Hasn’t Earth has experienced cold periods (informally referred to as “ice ages,” or “glacials”) and warm periods (“interglacials”) on roughly 100,000-year cycles for at least the last 1 million years. The last of these ice age glaciations peaked* around 20,000 years ago. Over the course of these cycles, global average temperatures warmed or cooled anywhere from 3° to perhaps as much as 8° Celsius (5°-15° Fahrenheit). It was partly through their attempts to understand what caused and ended previous ice ages that climate scientists came to understand the dominant role that carbon dioxide plays in Earth’s climate system, and the role it is playing in current global warming.

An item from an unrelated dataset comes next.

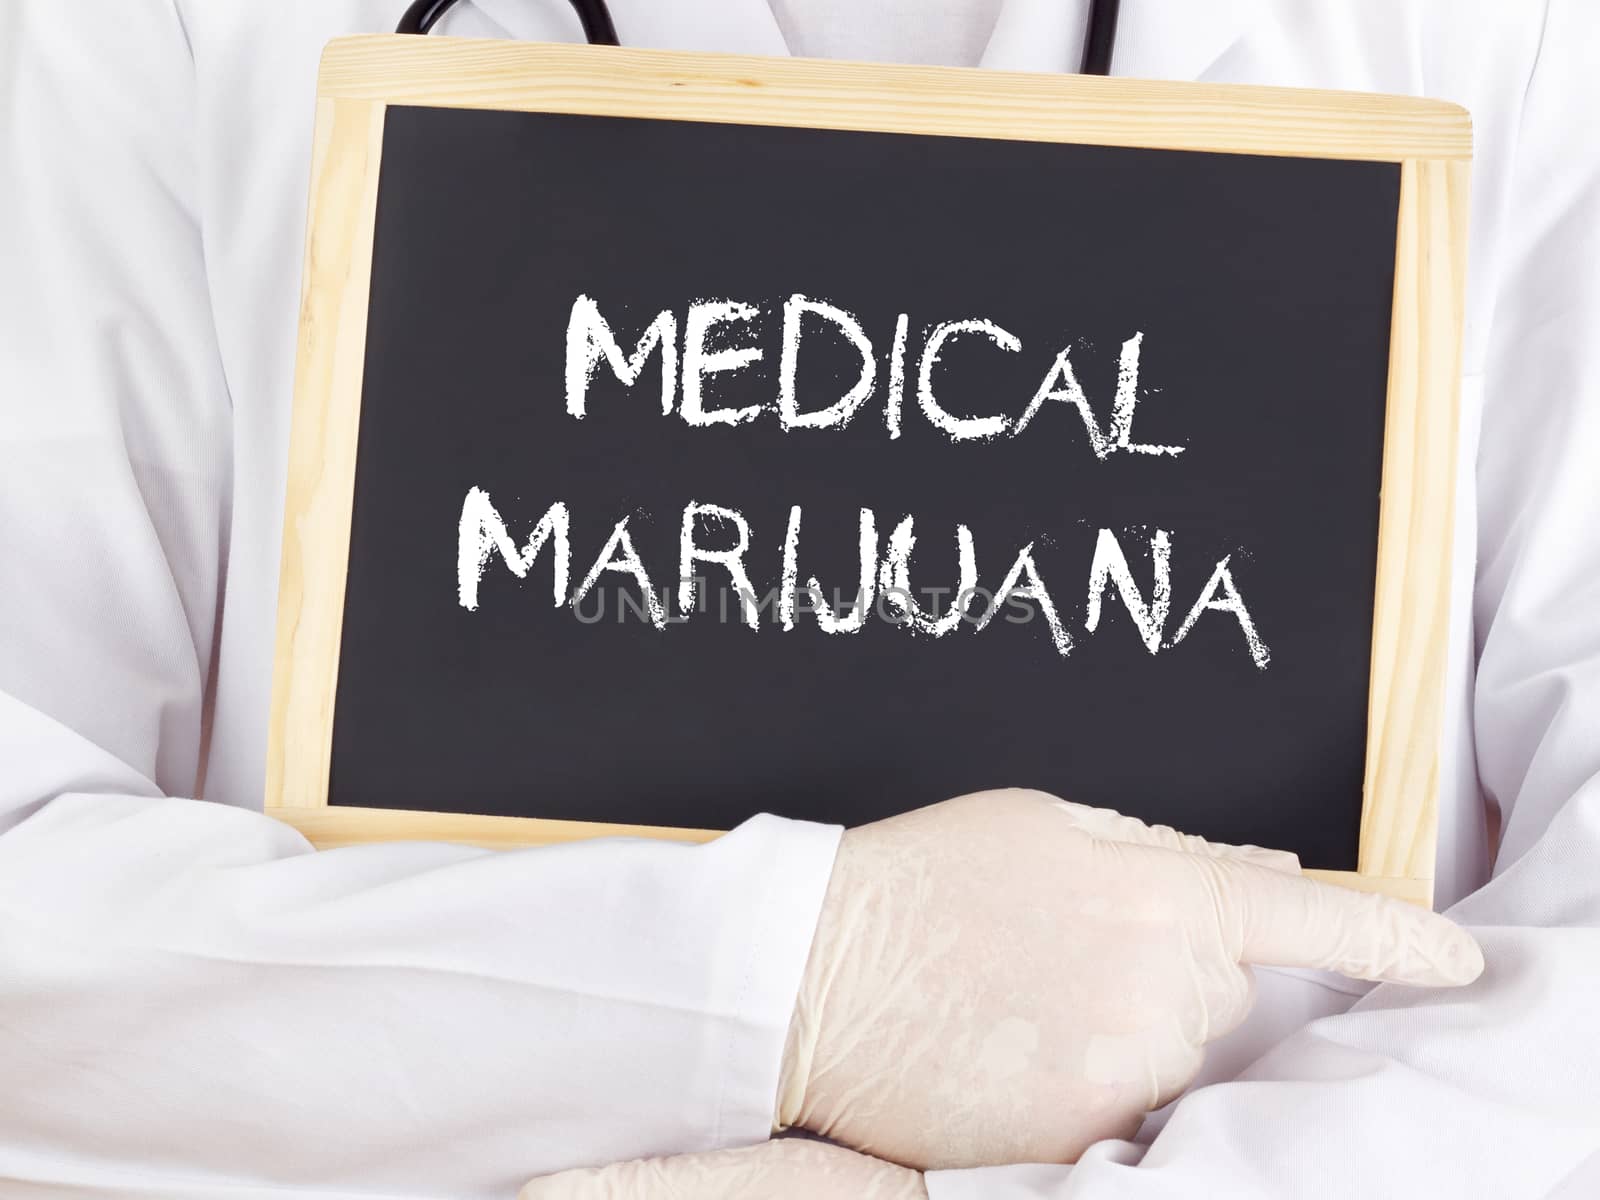 Doctor shows information on blackboard: medical marijuana by gwolters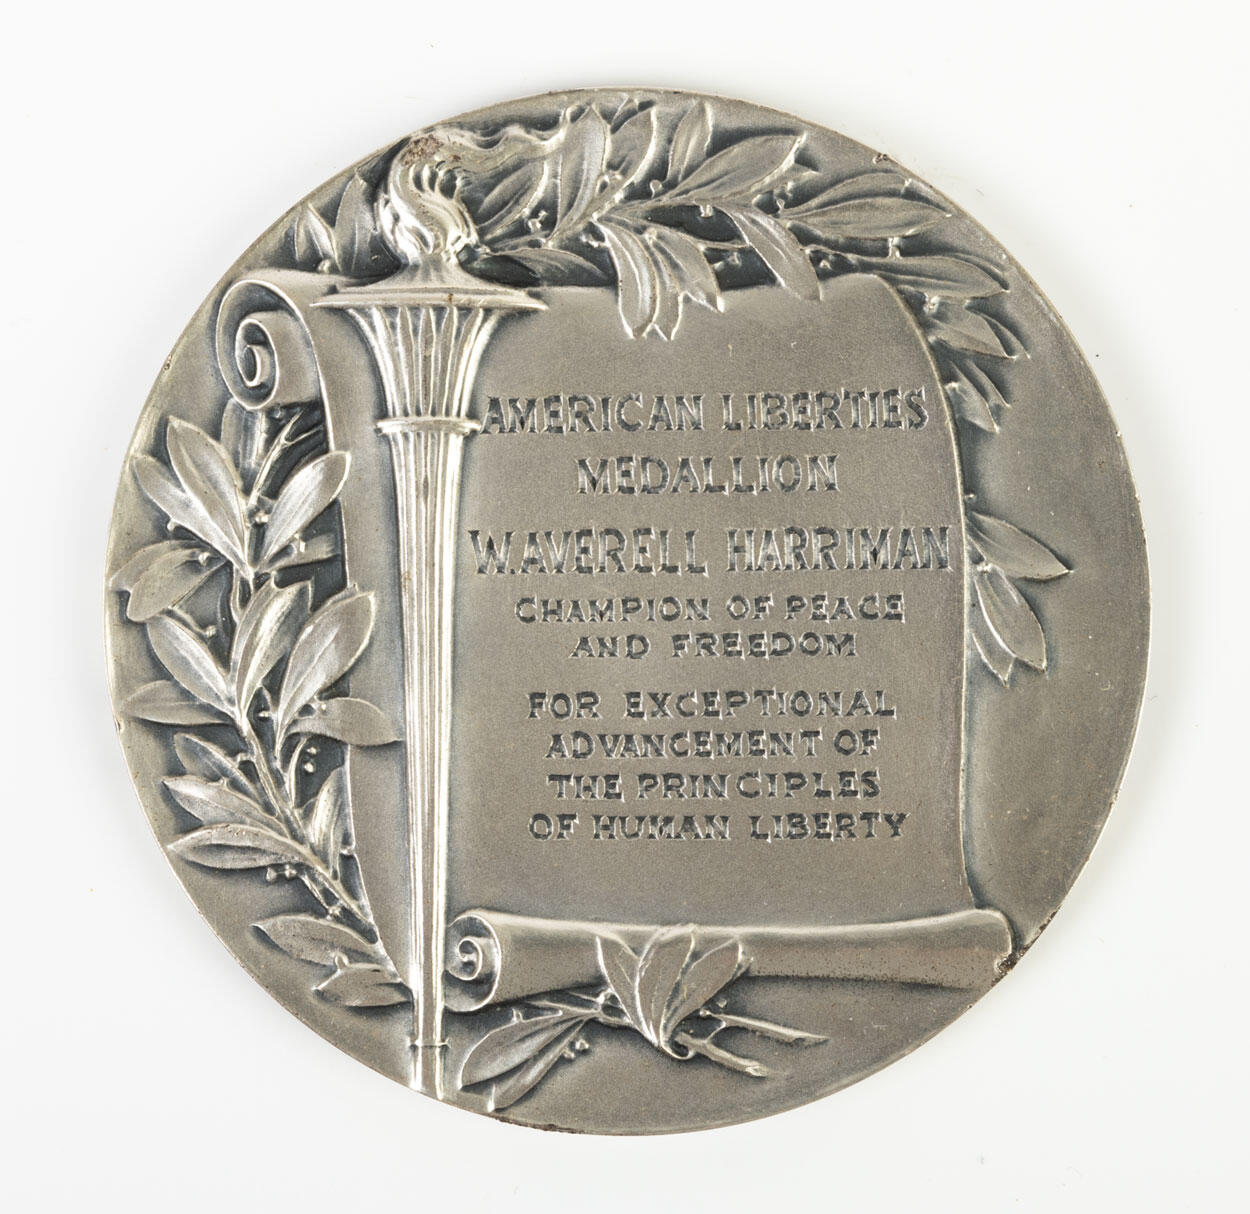 In commemoration of the 200th anniversary of the War of 1812 Russian  Medal

Over at least the past million years, glacial and interglacial cycles have been triggered by variations in how much sunlight reaches the Northern Hemisphere in the summer, which are driven by small variations in the geometry of Earth’s axis and its orbit around the Sun. But these fluctuations in sunlight aren’t enough on their own to bring about full-blown ice ages and interglacials. They trigger several feedback loops that amplify the original warming or cooling. During an interglacial, sea ice and snow retreat, reducing the amount of sunlight the Earth reflects; warming increases atmospheric water vapor, which is a powerful greenhouse gas; permafrost thaws and decomposes, releasing more methane and carbon dioxide; and the ocean warms and releases dissolved carbon dioxide, which traps even more heat. These feedbacks amplify the initial warming until the Earth’s orbit goes through a phase during which the amount of Northern Hemisphere summer sunlight is minimized. Then these feedbacks operate in reverse, reinforcing the cooling trend.
*Correction. An earlier draft mistakenly said that the last of these ice ages ended about 20 thousand years ago. The glaciation phase peaked around that time. The Grindlewald Fluctuation began in 1650 and ended in the early 20th century, and so ALL of our calculations reflect warming from that period.